We are thrilled to publish the next in our series of blogs in which academic users of the Dorset History Centre reflect on the archival collections they have accessed here, and how these have assisted, and added to, their particular research.
Here, Professor Mark Stoyle from the University of Southampton discusses some of our Quarter Sessions records.
Professor Stoyle writes:
I spent a good deal of time in late 2017 and early 2018 working on the late seventeenth-century Quarter Sessions Order Books (Q/S/M /1/2 and Q/S/M/1/3) which are housed in the Dorset History Centre. I was drawn to these particular volumes because of the fascinating light which they shed on the aftermath of the English Civil War of 1642-46 – and more specifically on the financial provision which the county authorities made for soldiers who had been wounded in that conflict and for the widows of men who had been killed while fighting for king or parliament.

The evidence contained in these volumes helps us to appreciate just how much ordinary people in Dorset were touched by the tragedy of the Civil War.
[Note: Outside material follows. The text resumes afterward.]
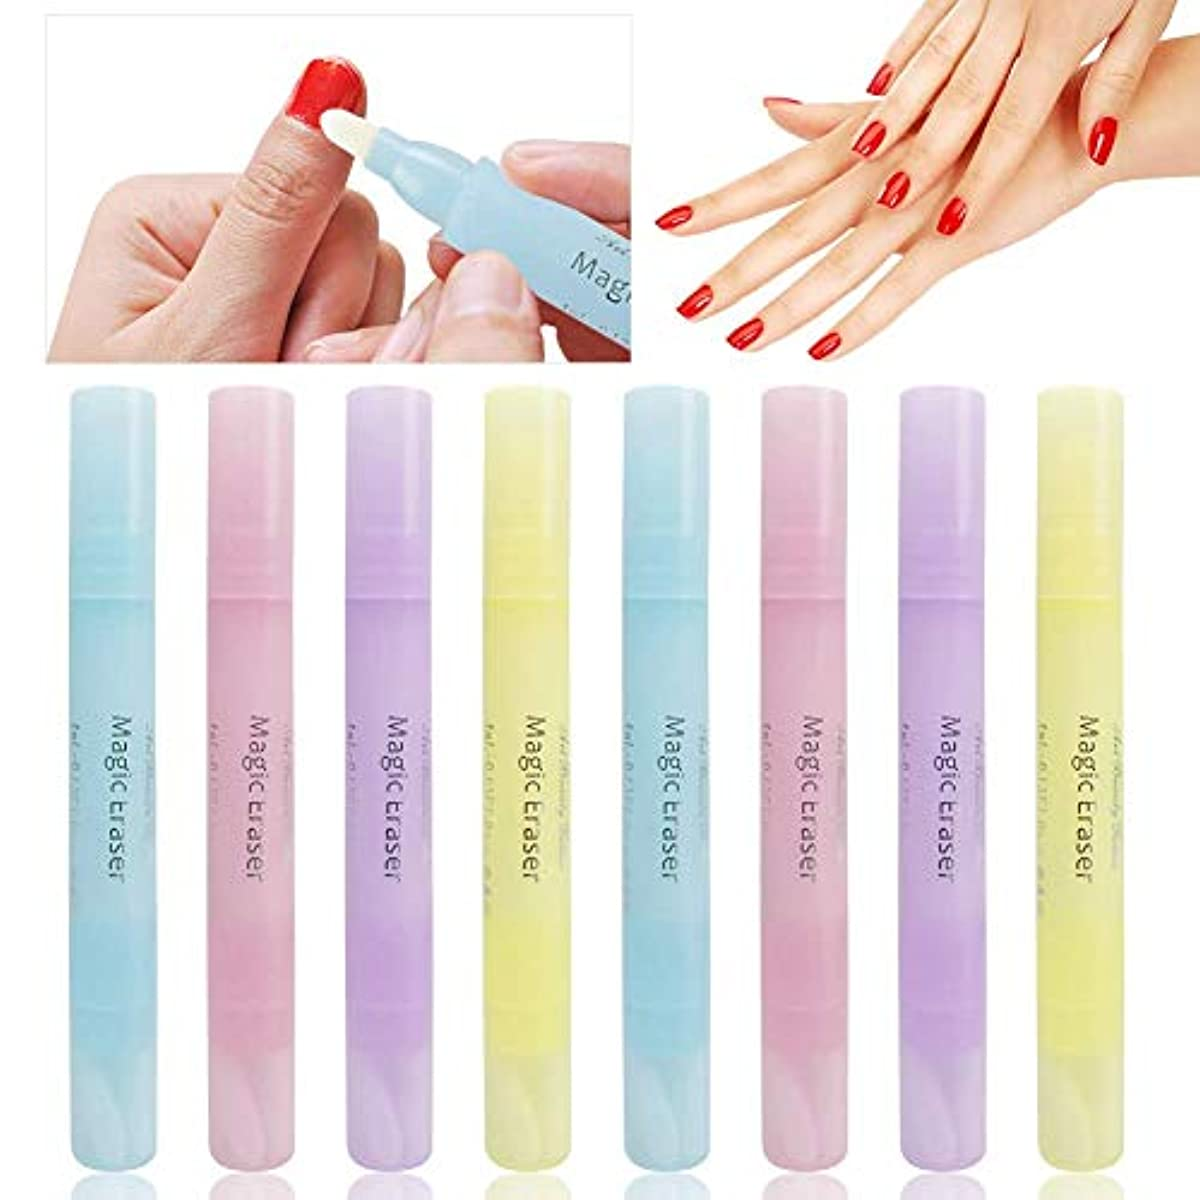 の面ではどうやら松の木AUGOOG 8個入 ネイルリムーバーペン ネイルポリッシュ修正ペン 携帯便利 ネイルアートツール ネイルコレクター 化粧用 4色 女性用

It also helps us to understand the complicated processes through which the members of the Dorset ‘county community’ attempted to alleviate the sufferings of some former soldiers and war widows during the half century or so between 1646 and 1700.

The material which has been culled from these volumes will be vital to the findings of the ongoing AHRC-funded project ‘Conflict, Welfare and Memory during and after the English Civil Wars’ which is currently being undertaken by a team of historians based at the universities of Cardiff, Leicester, Nottingham and Southampton. (See the website ‘Civil War Petitions‘ for more details).
The joy of working with original primary sources is that they enable you to get closer to the people who lived in the past and, occasionally, to turn up new evidence which has never been commented upon by historians before. While I was working in Dorchester, I was especially excited to learn that an original list of ex-Royalist soldiers from Dorset – which I thought had been lost since it was last spotted, in private hands, in the 1920s – had subsequently been gifted to the DHC and was available for me to consult. Seeing this document in the flesh, as it were, after I had read about it so often in the past was perhaps the highlight of my recent stint in the DHC for me!